Spector's pre-murder trial career was absolutely massive, but something tells us the film is likely to concentrate more on the, ahem, crazier aspects of Spector's life, namely the murder of Lana Clarkson. We can't help but hope a few of the producer's wackier hijinks make it into the film, even if they come in the form of a cheesy flashback. Click through to see which aspects (and rumored aspects) of Spector's life and career that should be in the film, regardless of its concentration.

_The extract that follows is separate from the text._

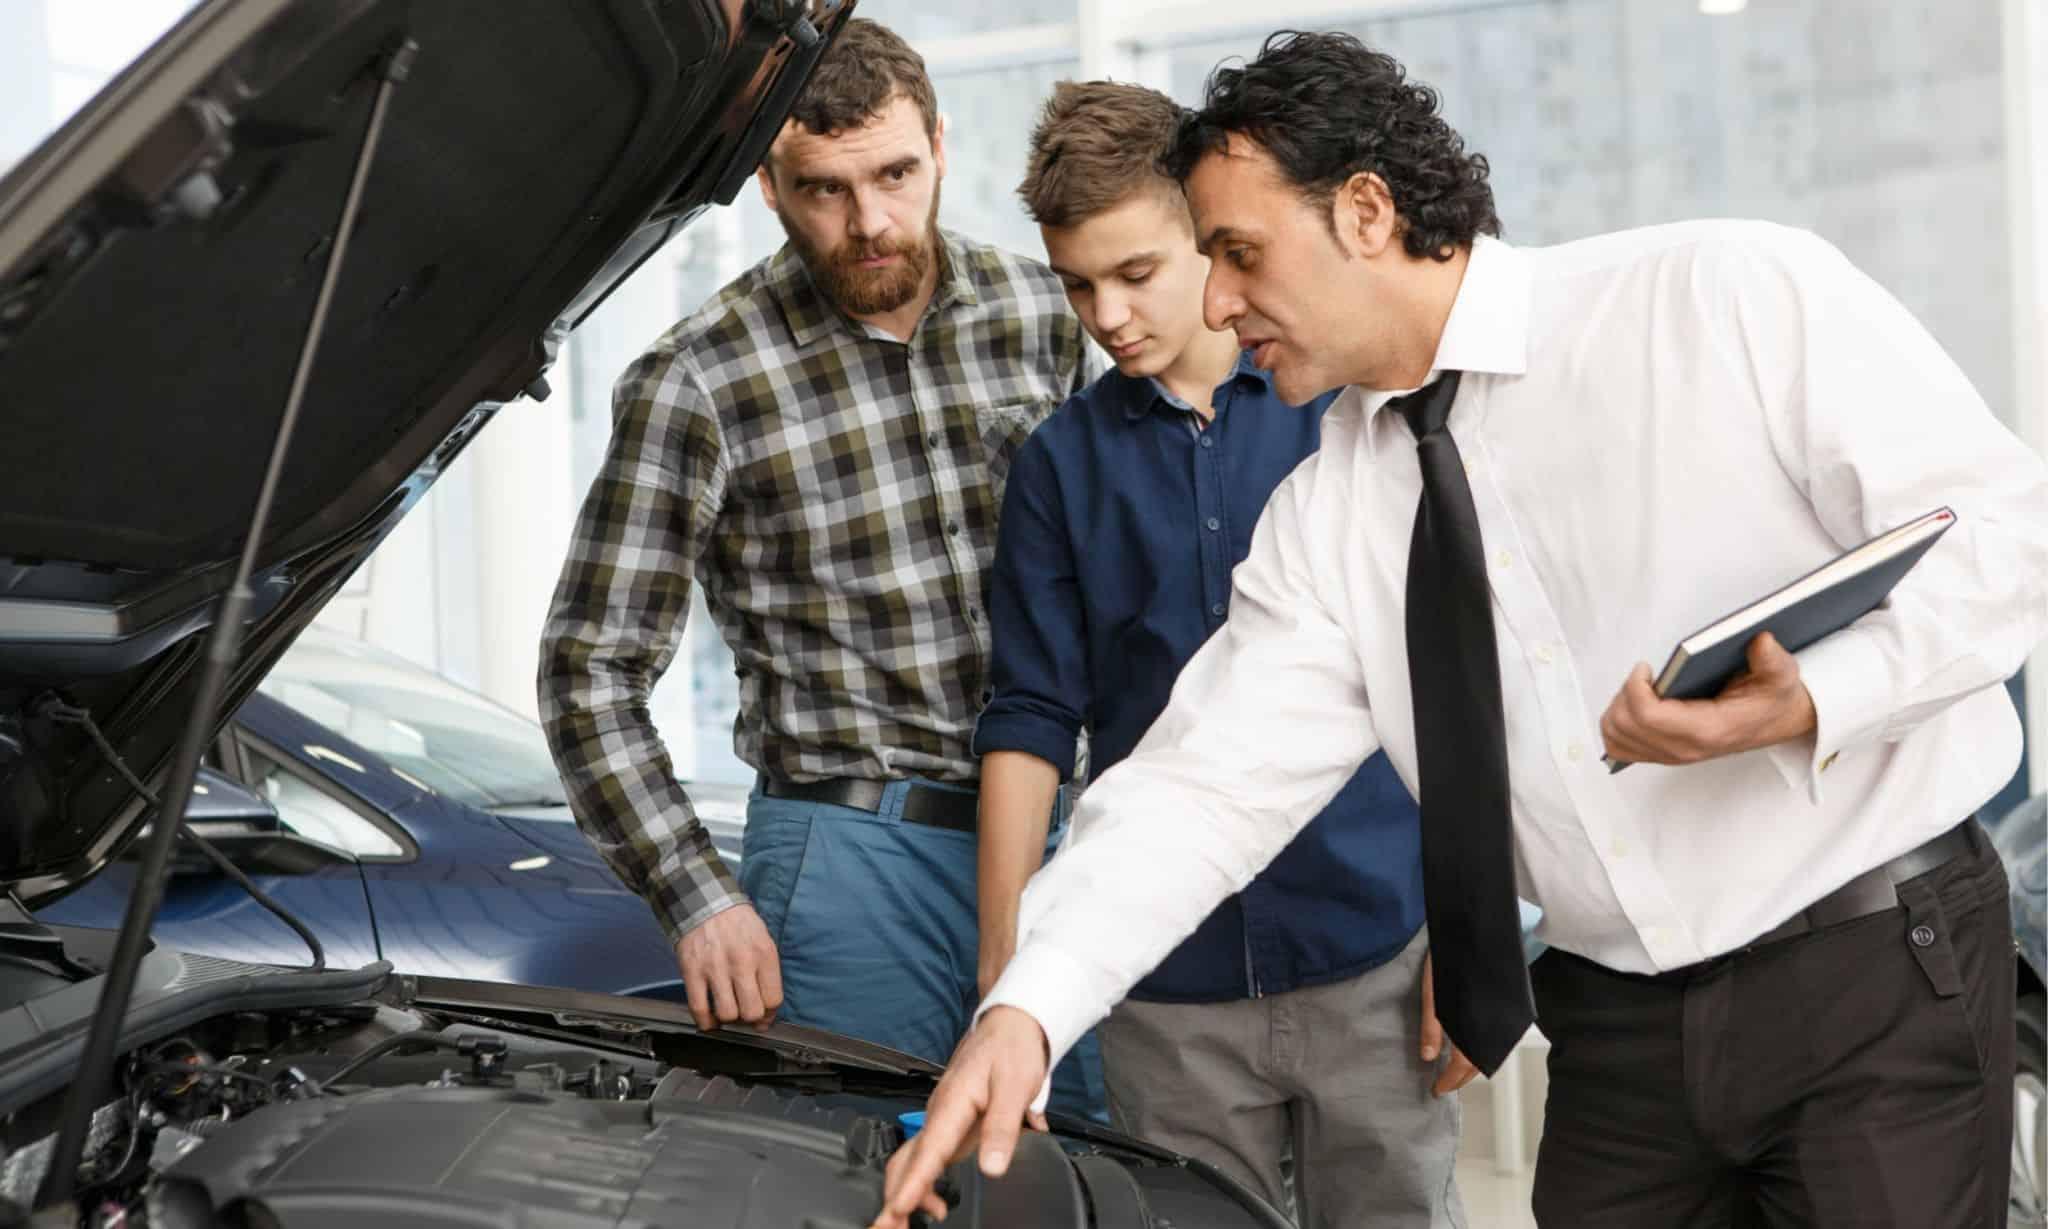 automotive customer experience

Insisting his former wife, Veronica "Ronnie" Spector, carry a life-sized inflatable dummy
Truth or fiction, it doesn't matter, because if there is one story on this list that epitomizes crazy, it's the rumor that Phil Spector insisted Veronica place a life-sized dummy of him in the passenger seat of her car. We haven't a clue if this is true or if it ever actually happened, but it characterizes Spector as the exact kind of crazy he was: Megalomaniac.
Taking credit for Scorsese's career
Speaking of megalomania, few people are aware that Phil Spector (combined, perhaps, with John Lennon) is entirely responsible for Martin Scorsese's career. You see, Scorsese's film Mean Streets featured one of Spector's most iconic productions, "Be My Baby," but Scorsese never actually asked Spector if he could use it. According to Phil himself, John Lennon talked him out of suing the pants of off Scorsese, which according to Spector, means he's entirely responsible for Scorsese's career (and De Niro's, too, really). It's unclear, however, whether Spector believes he is directly responsible for other iconic American moments such as the landing on the moon or the signing of the Declaration of Independence.

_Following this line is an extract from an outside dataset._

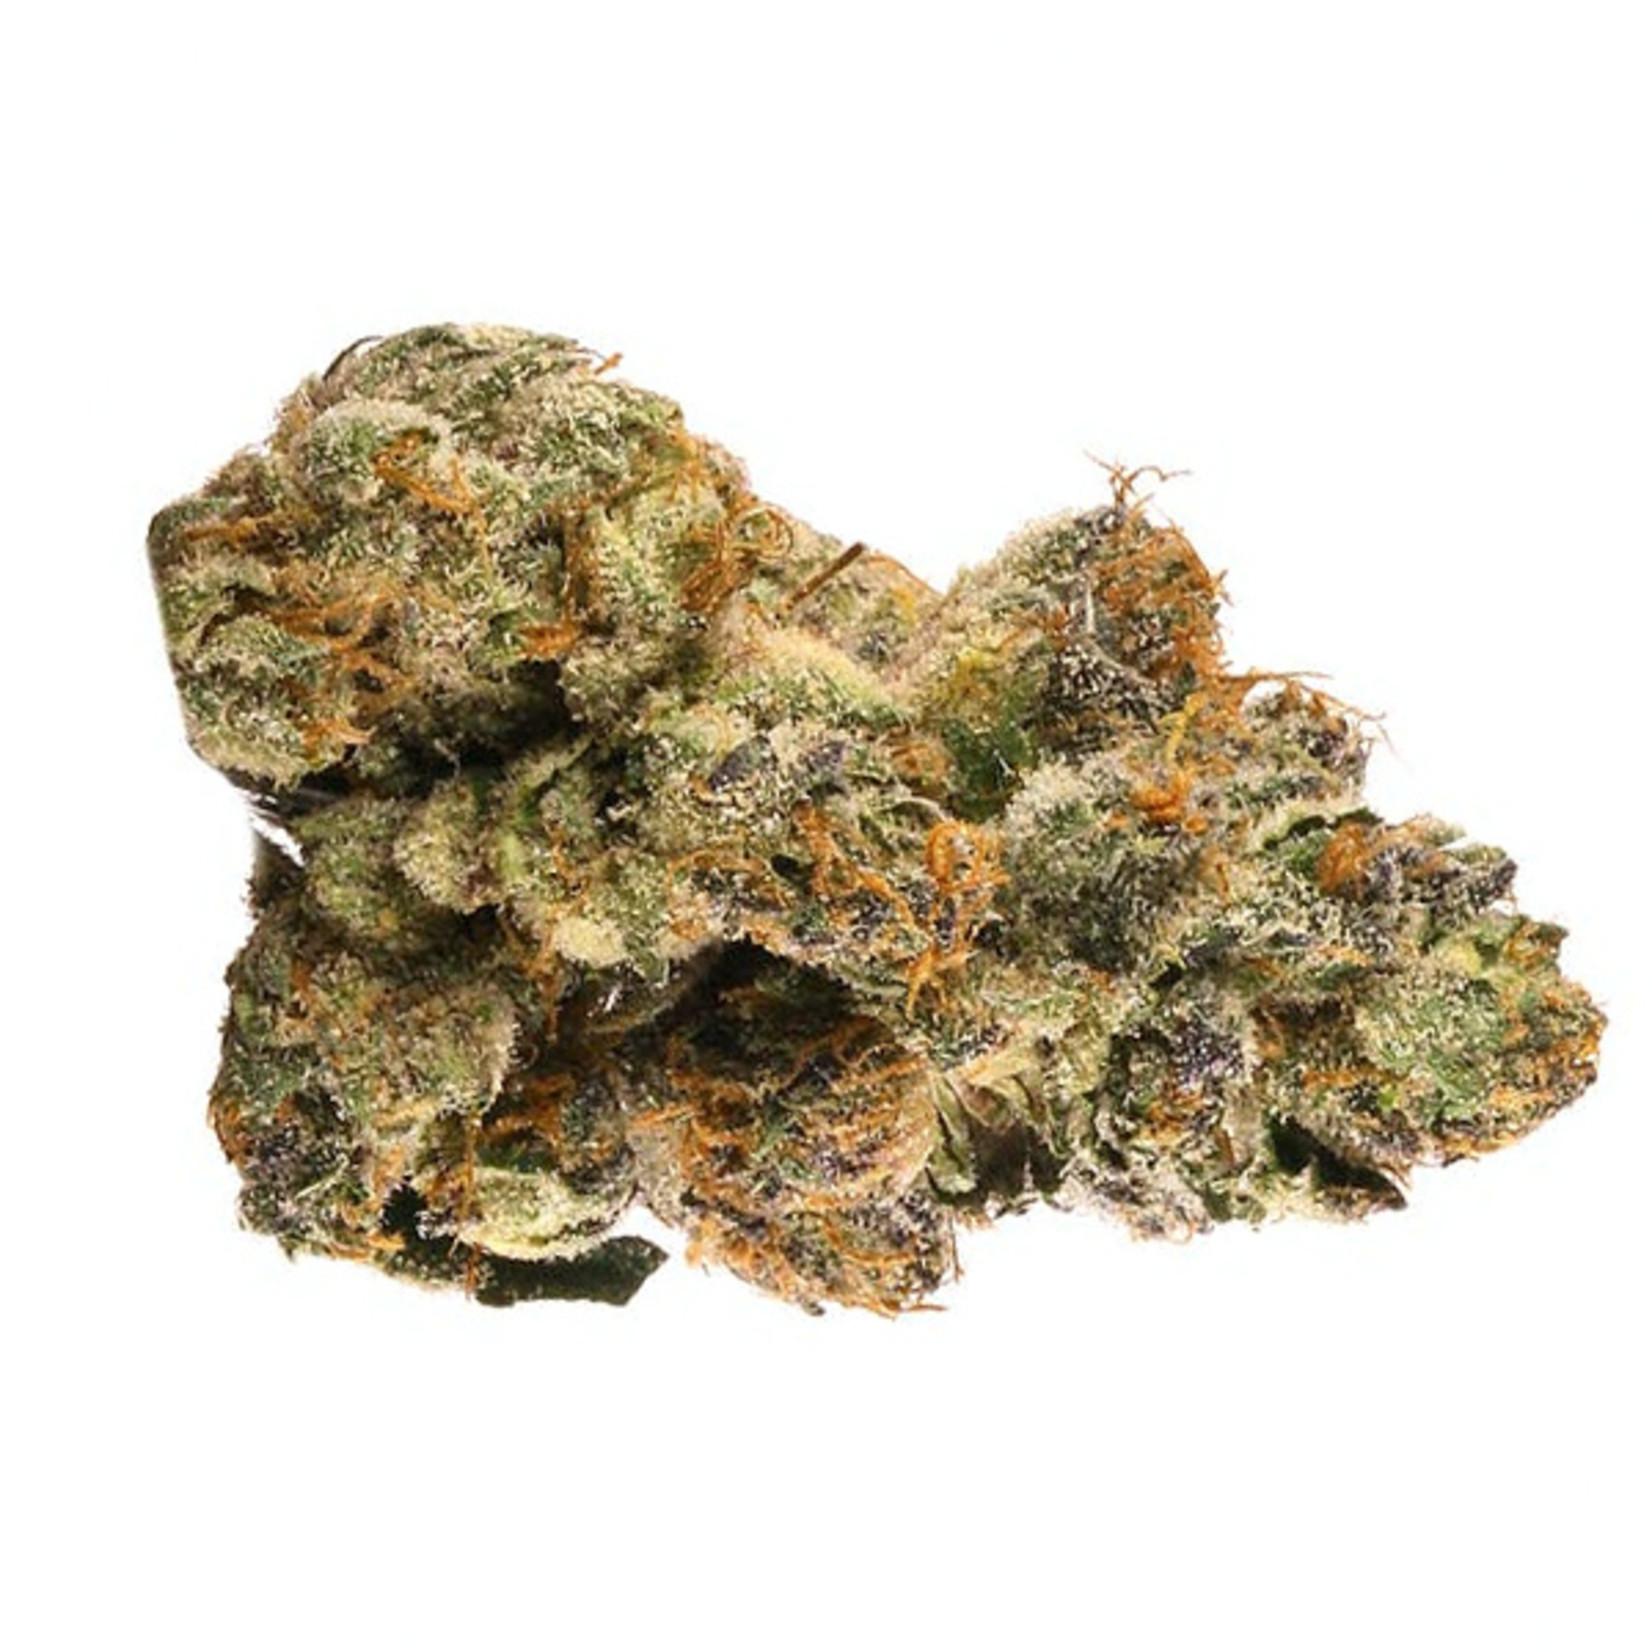 Auto Gelato #33 cannabis seeds

His hatred of Tony Bennett
One thing we like about watching movies about crazy people is the subtle way filmmakers imply crazy without outright demonstrating it. Spector's story lends itself well to both, especially when you consider his complete and total hatred for (and obsession with) Tony Bennett. All they really need to do is put in lots of random, non-sequitur jabs at Bennett throughout the film.
Pulling a gun on the Ramones
To be honest, there are rumors that Phil Spector pulled a gun on just about every artist he worked with, so the Ramones story can be switched out with pretty much anyone. As far as we can tell, there has never been irrefutable evidence that Spector ever threatened a band with violence if they didn't perform, but clearly there is enough of a chance it's true.
The murder and the two trials, with all the wigs
Most people remember the crazy version of Phil Spector, the one who wore some wacky wigs to his court dates at which he was being accused of murder. Call us crazy, but it seems like when your sanity is on the line, it might be best to present yourself a little better. Then again, nobody out there isn't calling Spector crazy, so it doesn't really matter. If we're lucky, we'll be treated to some scenes of Pacino decked out in droopy wig, crazy Afro wig and creepy-weird wig, at the very least.